En parallèle, d’autres quartiers ont fait le pari d’une approche plus simple et largement moins coûteuse, en s’appuyant sur l’existant. Le principe est simple : le prix du stationnement varie selon la classe polluante du véhicule. Un véhicule très polluant doit donc s’acquitter de frais de stationnement plus élevés qu’un véhicule électrique par exemple. Le paiement se fait par mobile via smartphone, et le contrôle par les agents qui effectuent la surveillance du stationnement règlementé. Aucune infrastructure n’a été déployée, et le dispositif a pu être rapidement mis en place. En moins de trois ans, une baisse de 27% des véhicules très polluants a été enregistrée, un vrai succès.

D’autres initiatives existent en France comme au sein de la ZFE de Toulouse où les parkings relais permettent à l’ensemble des véhicules, quelle que soit leur vignette Crit’Air, de pouvoir se garer aux abords du centre-ville pour y emprunter les transports urbains.

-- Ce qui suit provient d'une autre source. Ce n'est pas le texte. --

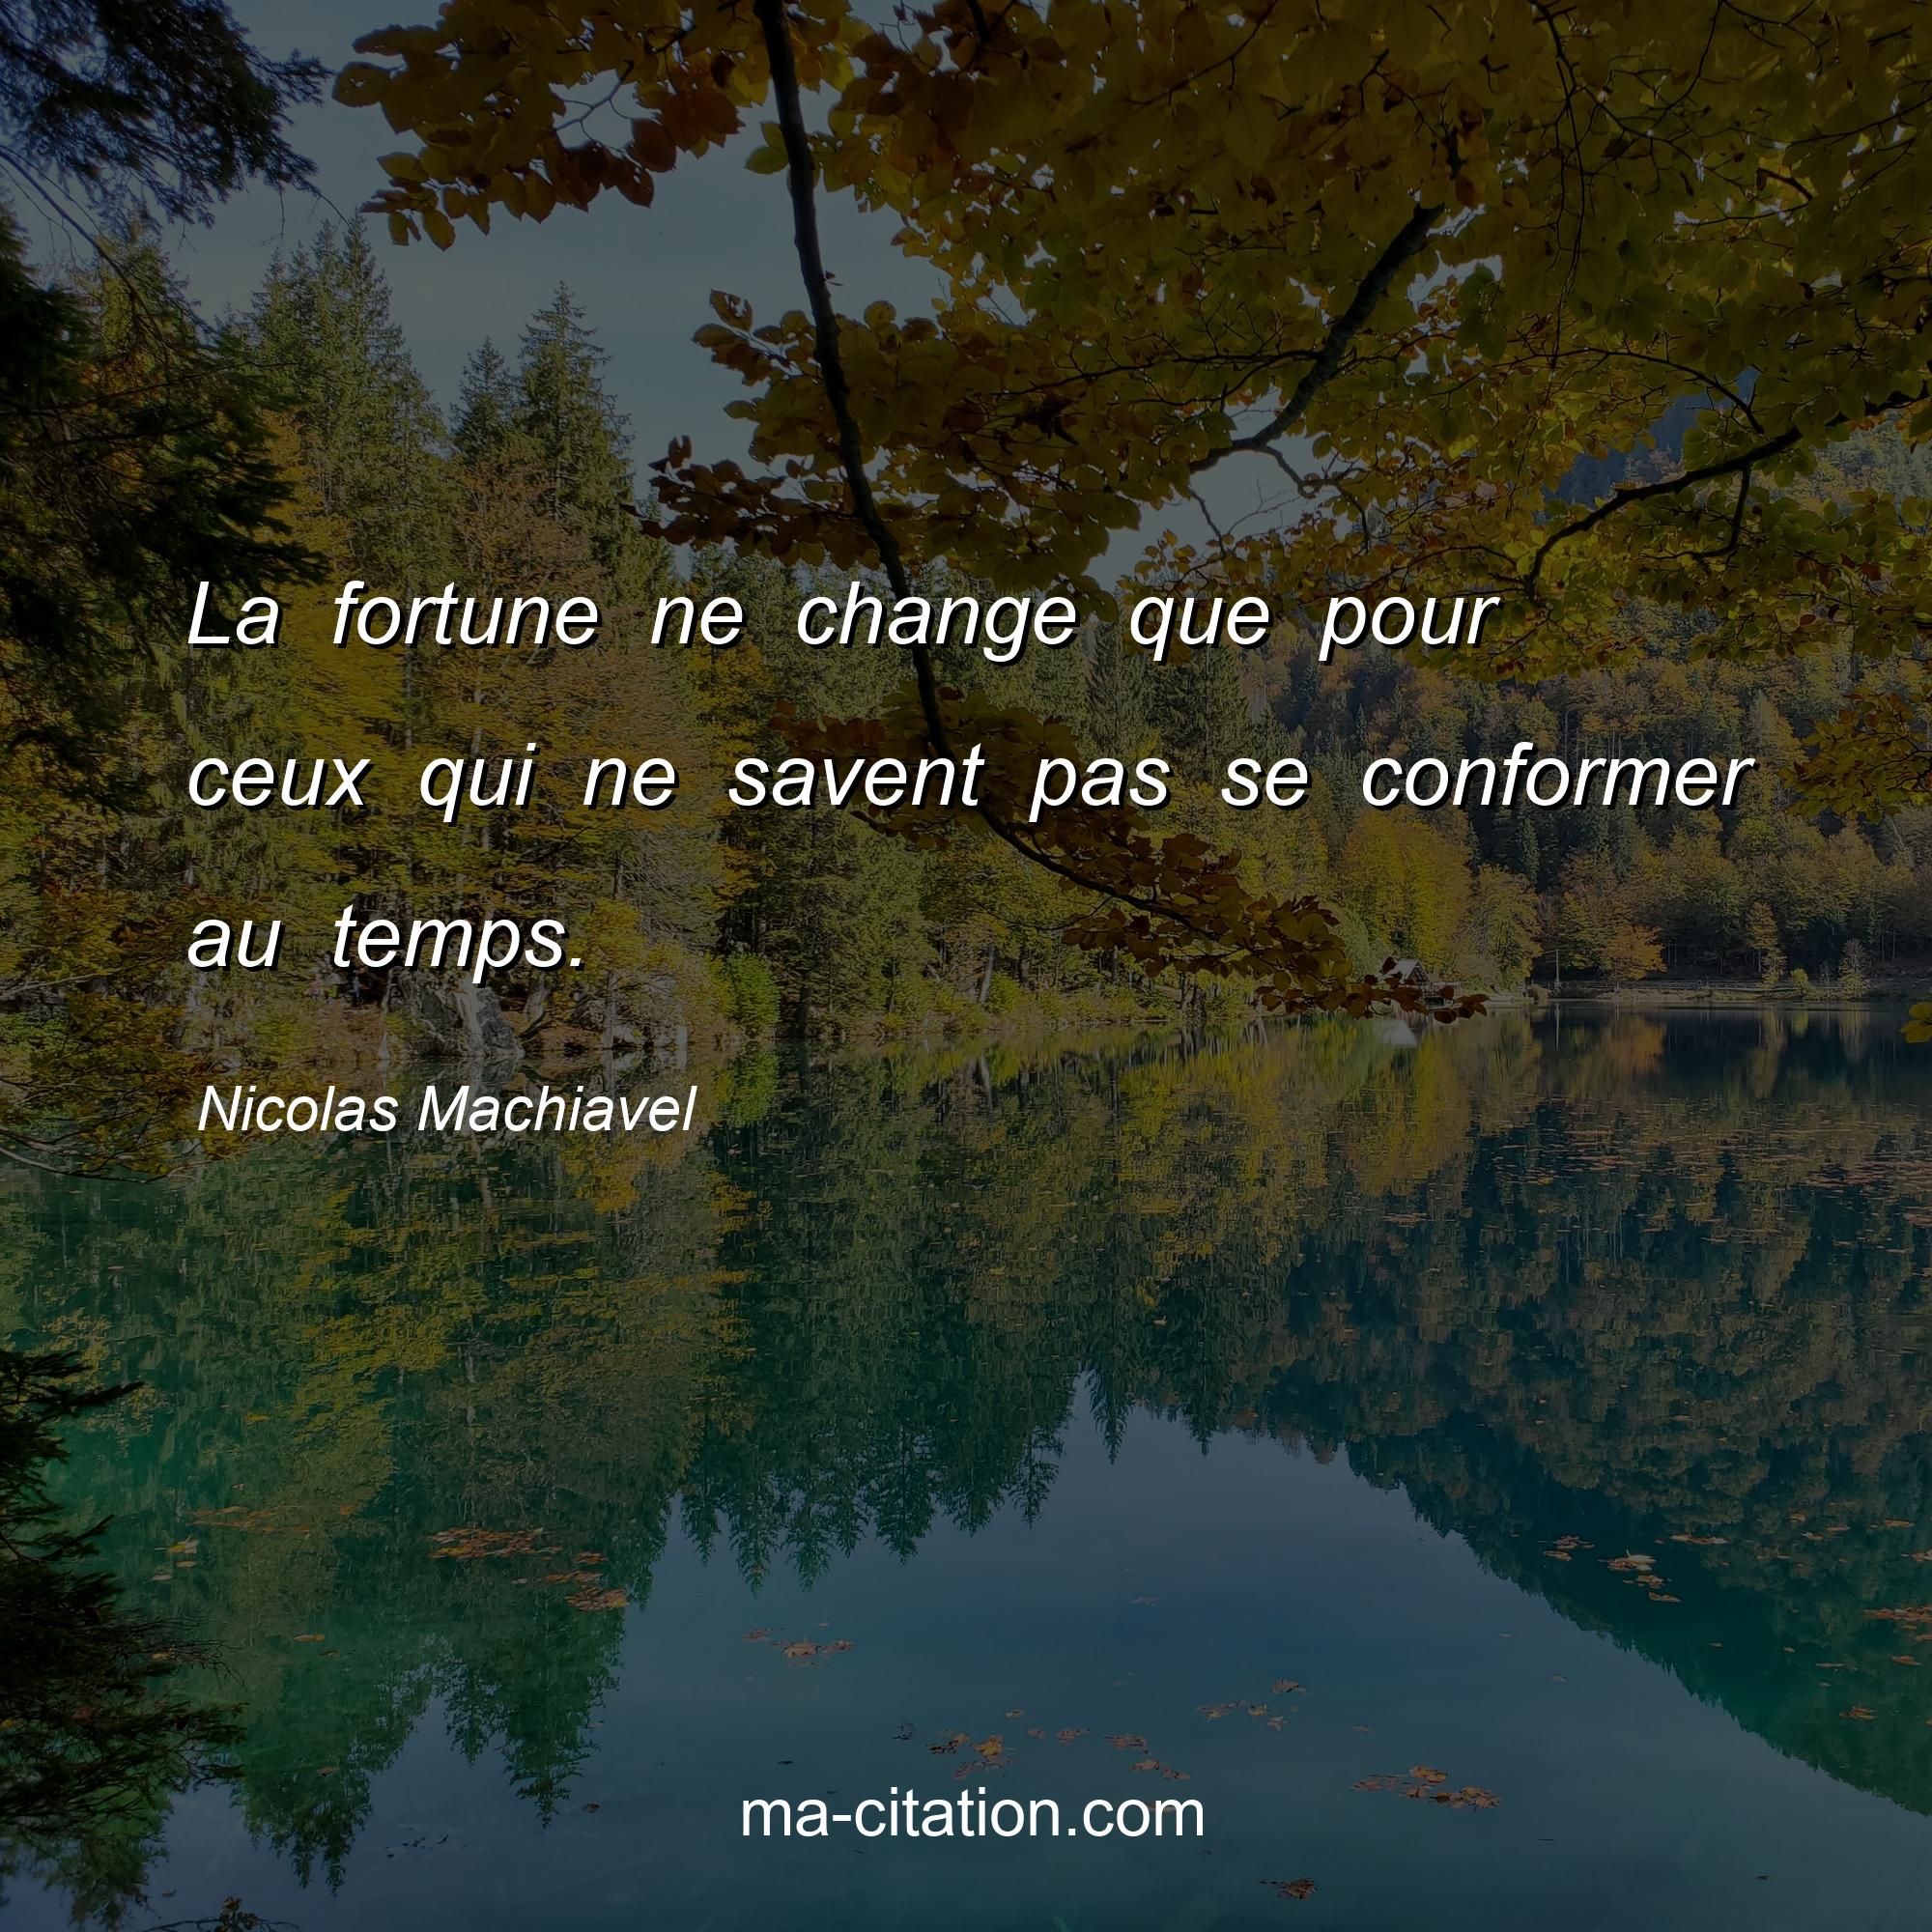 Nicolas Machiavel : La fortune ne change que pour ceux qui ne savent pas se conformer au temps.

L’intermodalité devient ainsi un moyen efficace pour réduire la pression sur le réseau routier, sans faire peser les dépenses telles que l’achat d’un nouveau véhicule sur les citoyens. On peut également citer l’exemple de la mairie de Lyon, qui a récemment annoncé vouloir conditionner le stationnement des véhicules circulant au sein de la ville en fonction, cette fois-ci, de leurs poids, avec des tarifs allant du simple au triple entre une citadine et un SUV. Ce système pourrait être mis en application dès l’année prochaine, et d’autres villes pourraient emboîter le pas à la capitale des Gaules dans l’adoption de ces mesures.

Enfin, la politique mise en place par l’État se doit d’être claire en matière de décarbonation : la France, incitée par l’Europe, fait aujourd’hui le choix d’investir massivement sur l’électrification de son parc automobile, en installant des milliers de bornes de recharge et en subventionnant l’achat de véhicules neufs. Cependant, malgré les économies annoncées sur la consommation de carburant à long terme, le coût d’un changement de véhicule (25 000 € en moyenne pour un véhicule neuf) reste une barrière difficile à franchir pour de nombreux Français.

Il n’est pas risqué de dire que les ZFE, telles que mises en place en France aujourd’hui, doivent faire l’objet d’une réflexion approfondie. La volonté de décarbonation des mobilités portée par les discours politiques se heurte à la réalité de son application, avec des contradictions permanentes entre les ambitions exprimées et les moyens déployés. Les transports thermiques sont aujourd’hui encore la première cause d’émission de carbone dans notre pays, et les voitures individuelles polluent plus que tous les autres modes de transports réunis. Bien que l’électrification puisse être l’une des briques de la transition, l’ensemble des acteurs de la mobilité peut être inclus pour trouver des solutions adaptées à notre contexte national.